**Work instructions**
Return the lines of the data below starting at the one holding "FORTE Photochemical Company" and ending at the one holding "da Form 5424-R fillable", word for word, leaving every picture out.

**Information provided**
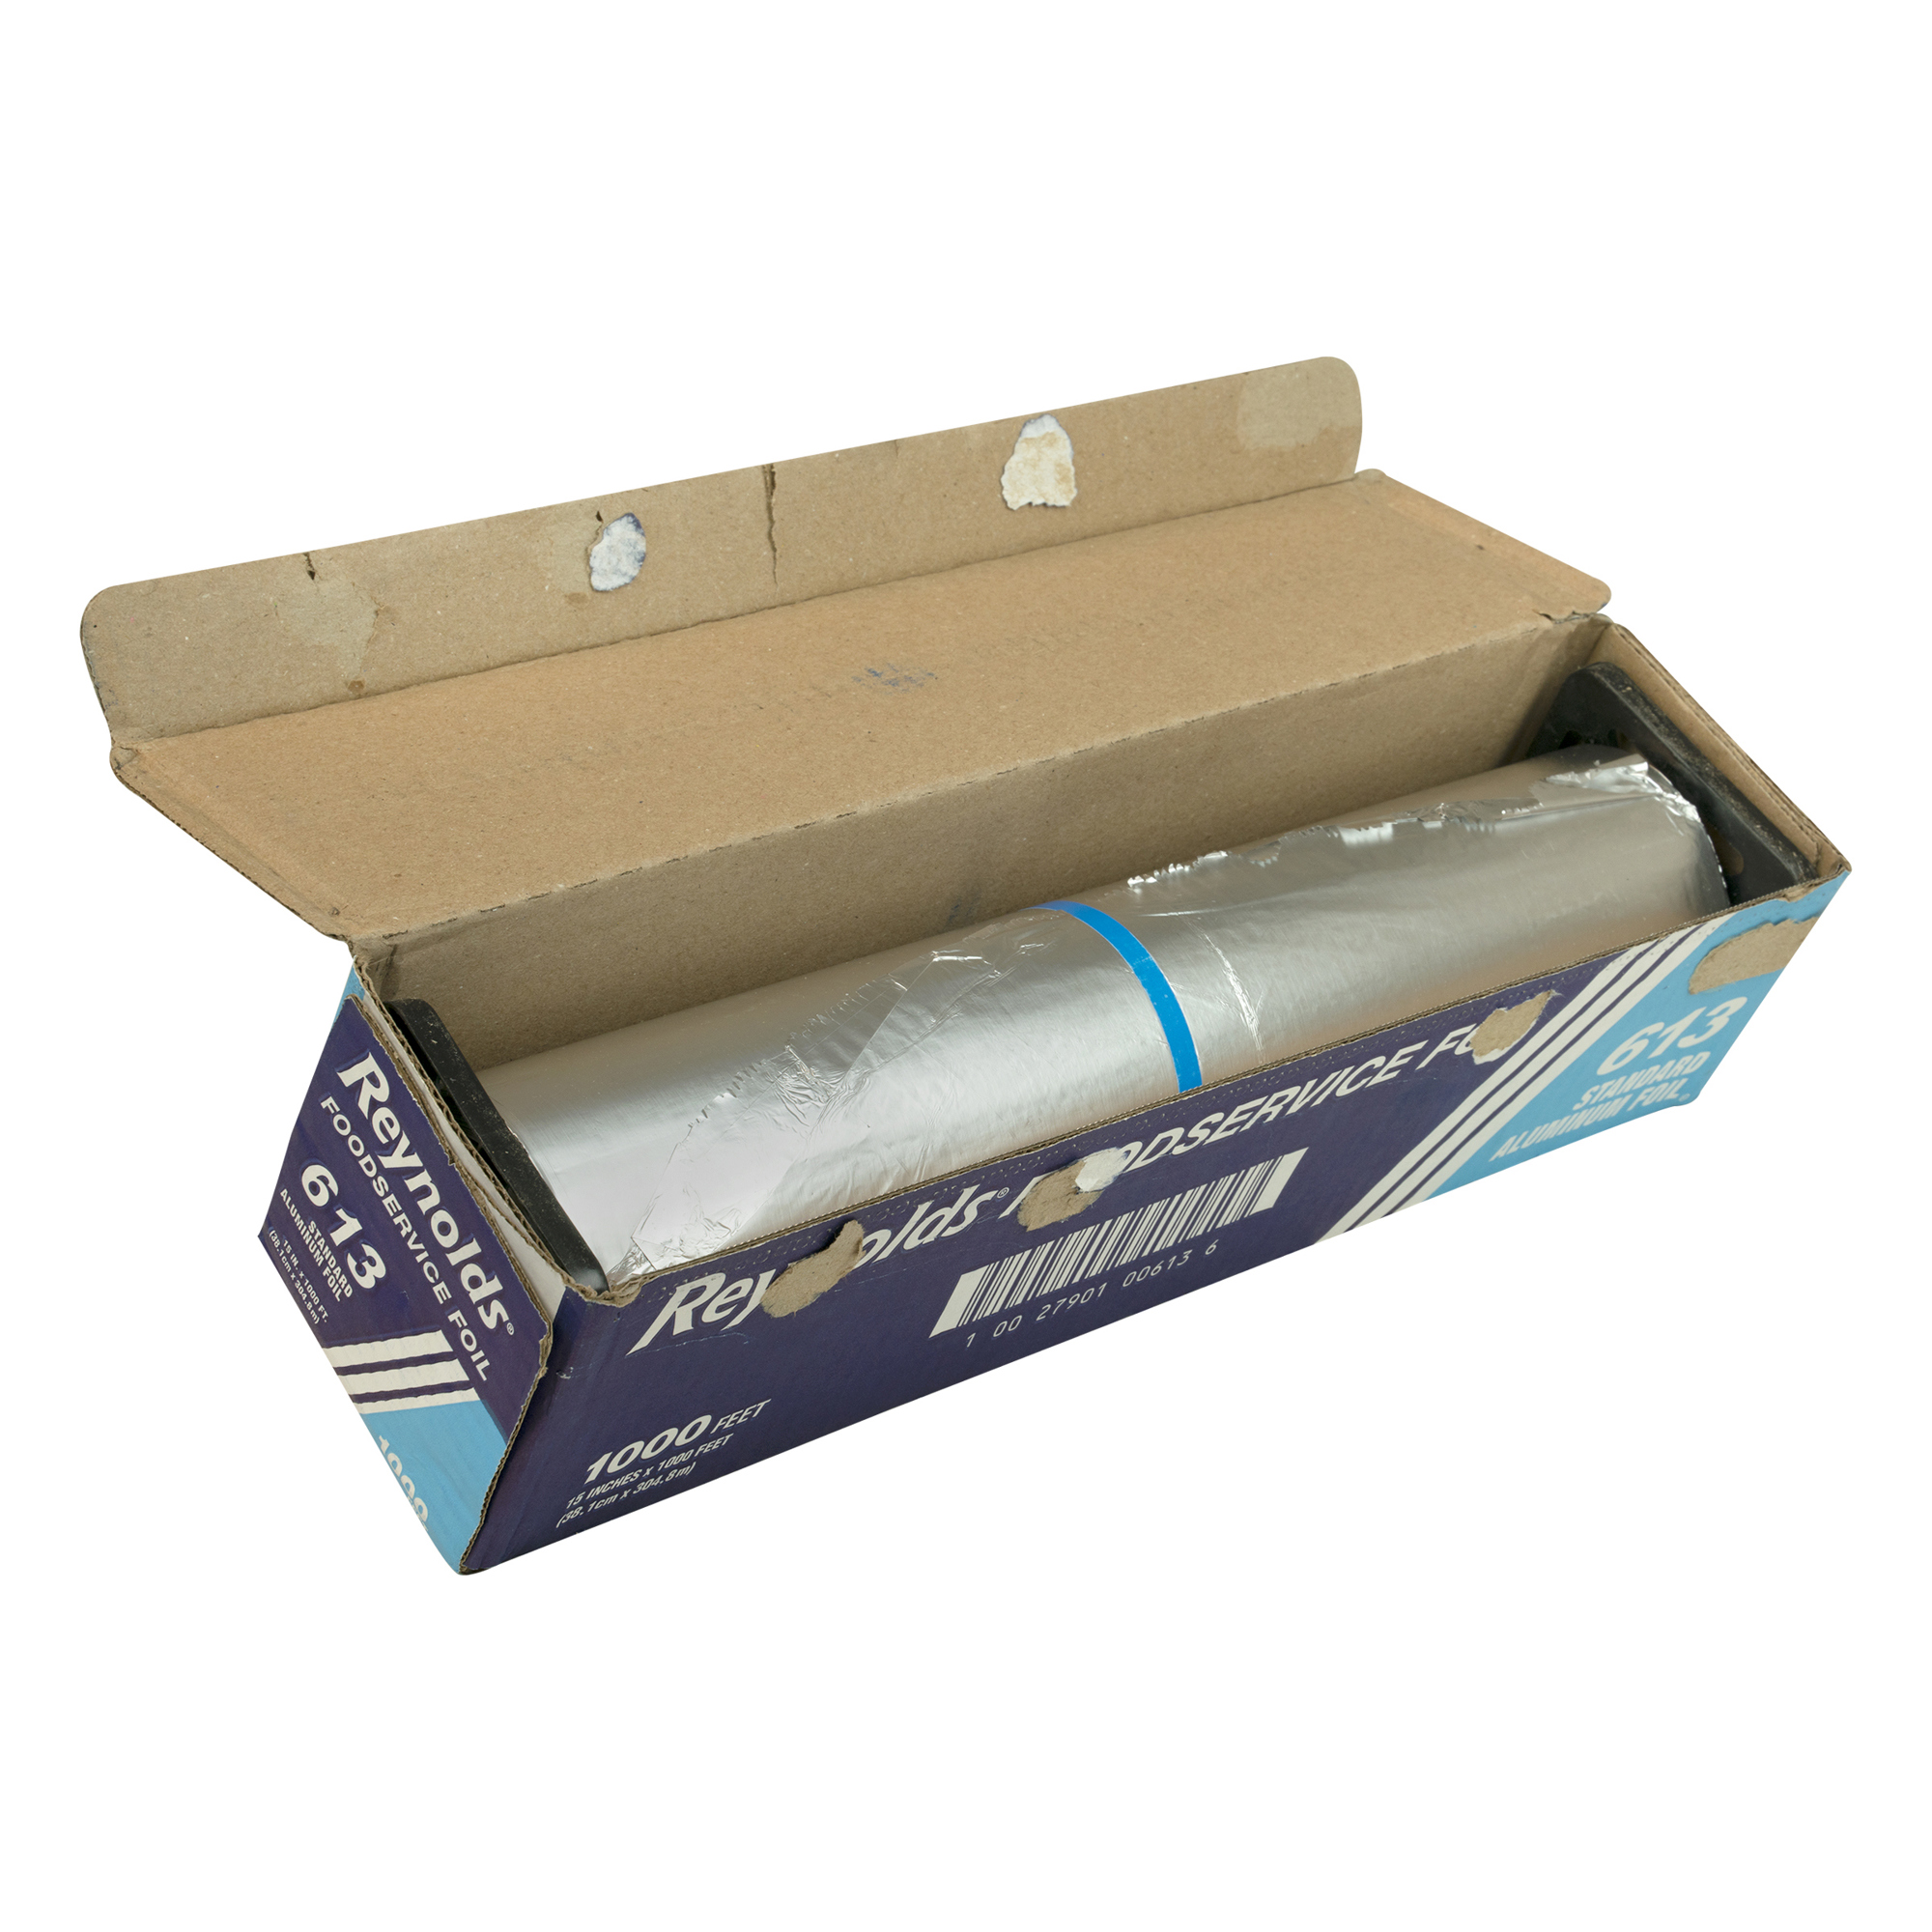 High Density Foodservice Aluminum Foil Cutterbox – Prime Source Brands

* * *

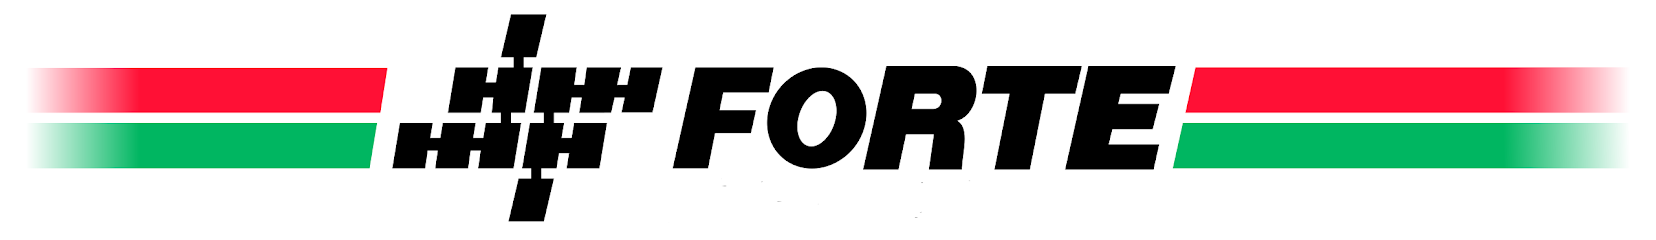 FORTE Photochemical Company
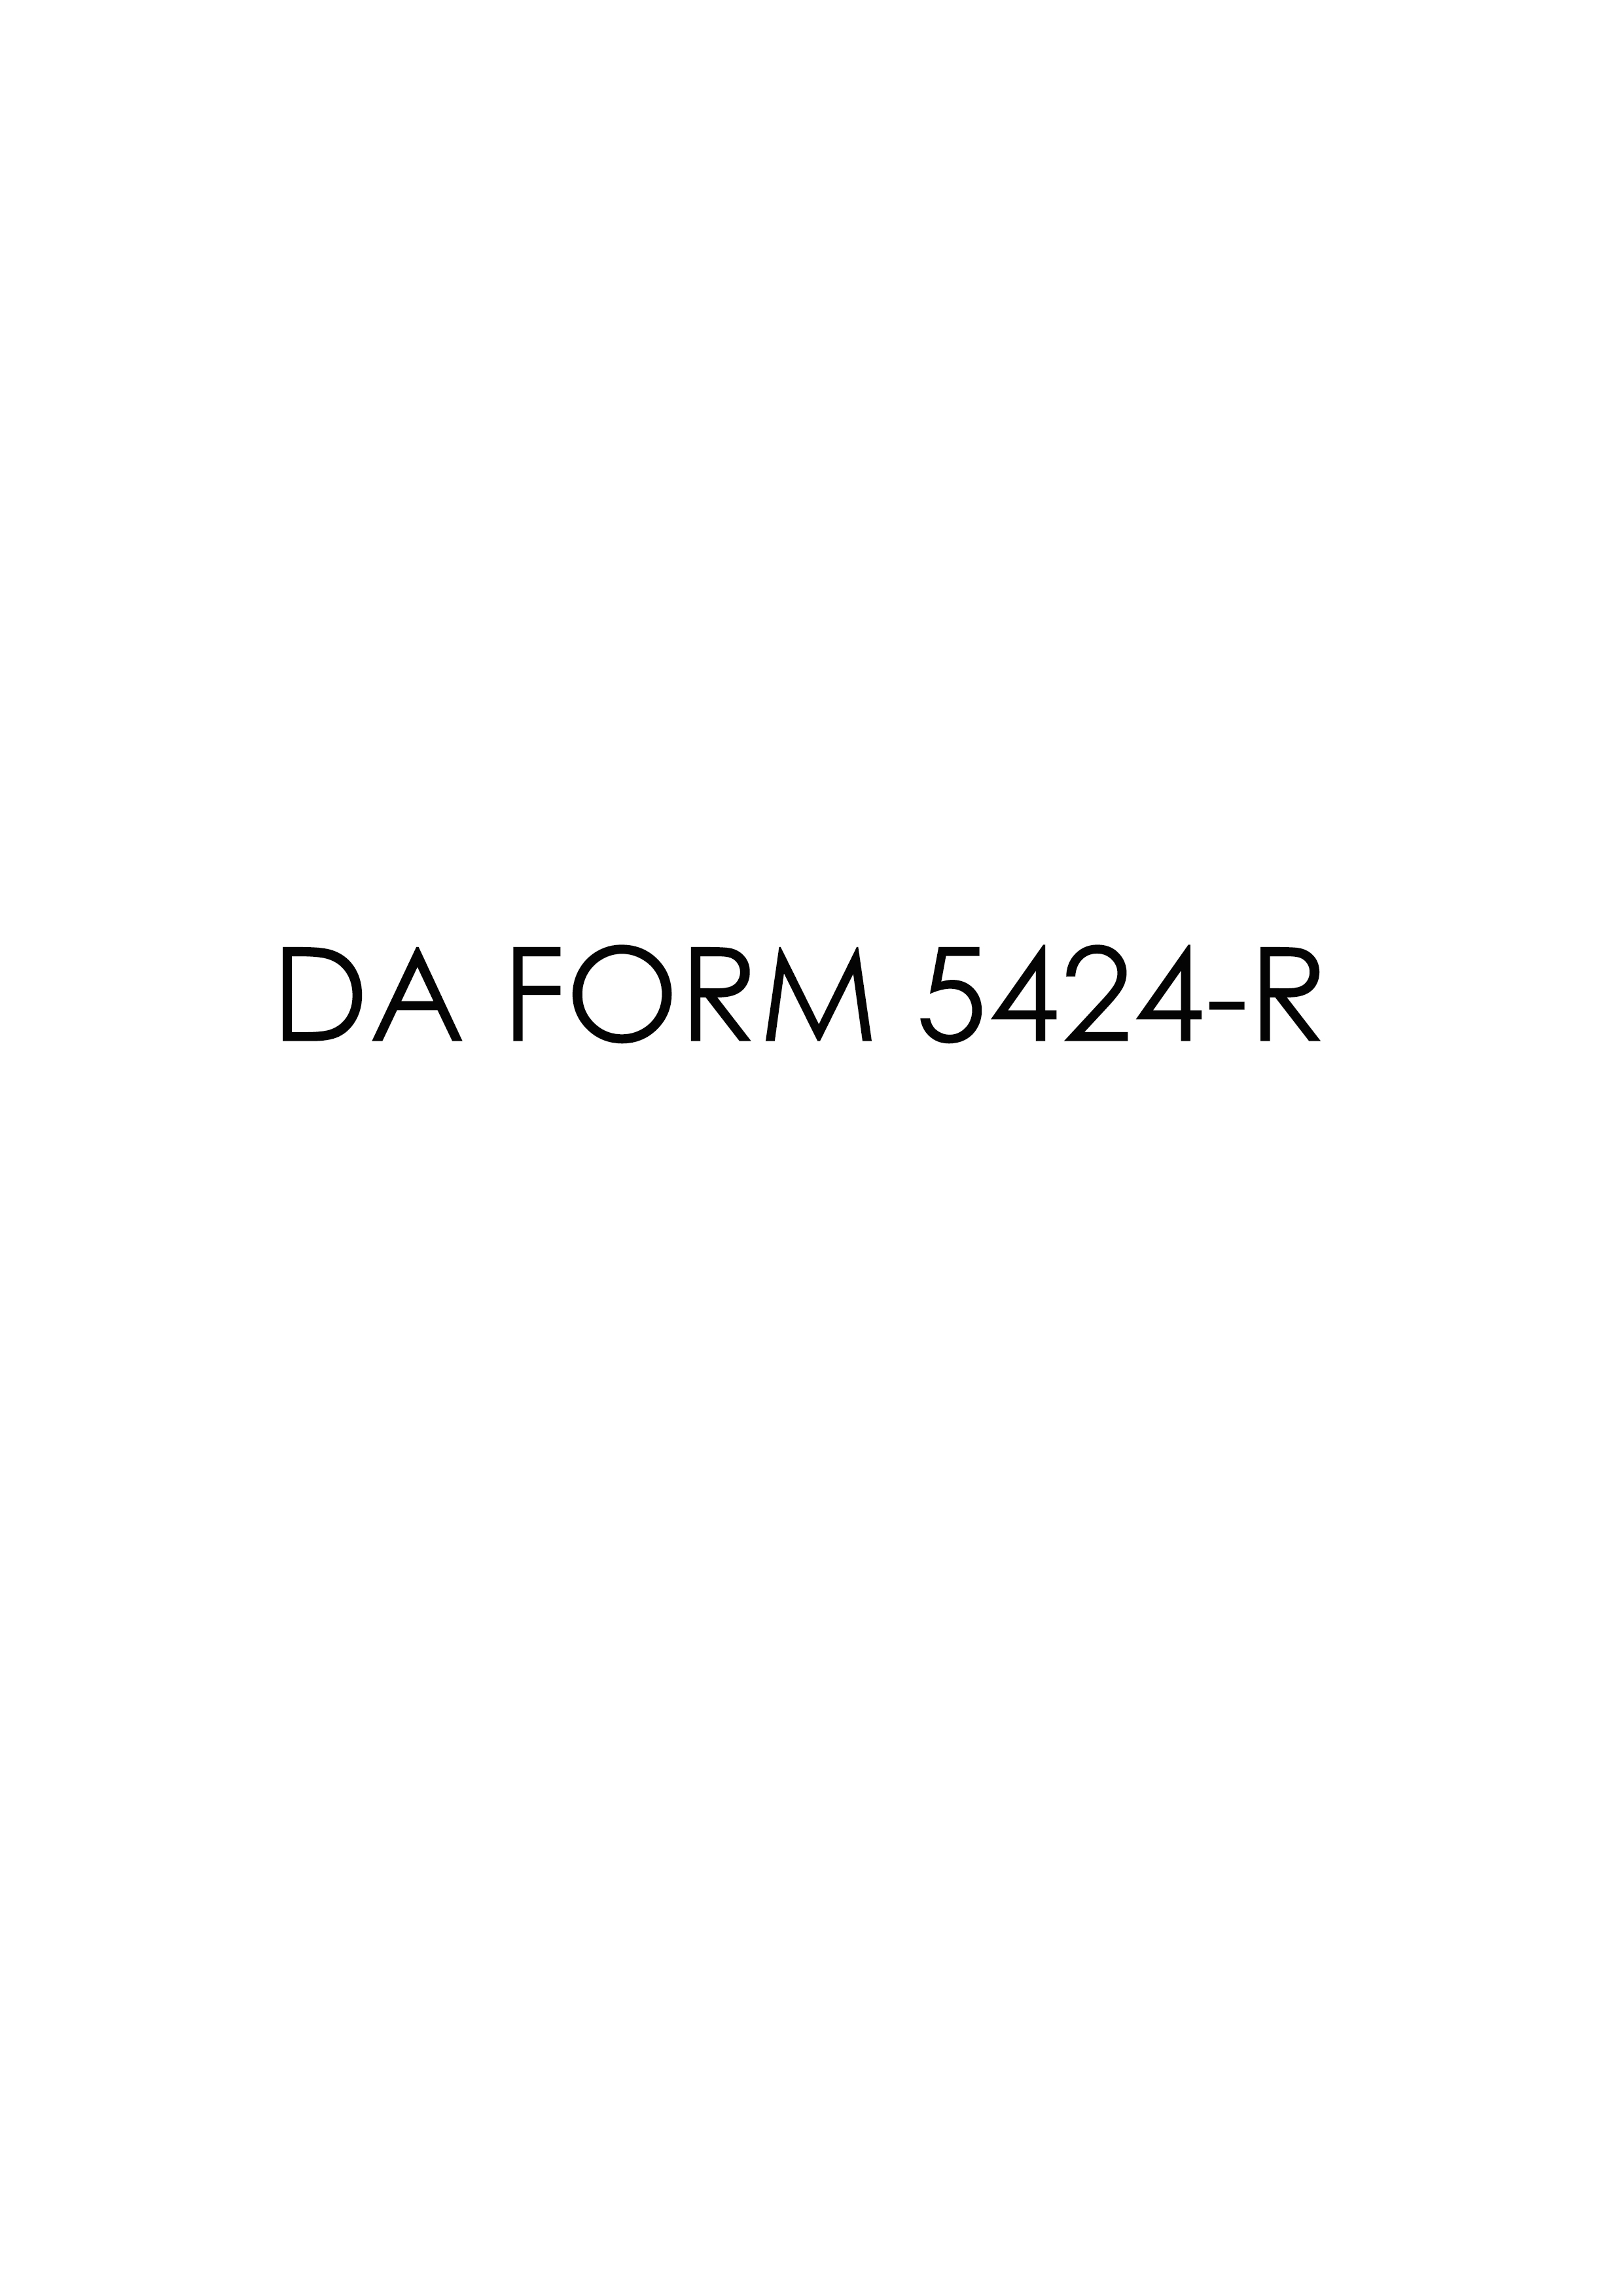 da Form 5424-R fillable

**Exercise solution**
 FORTE Photochemical Company
 da Form 5424-R fillable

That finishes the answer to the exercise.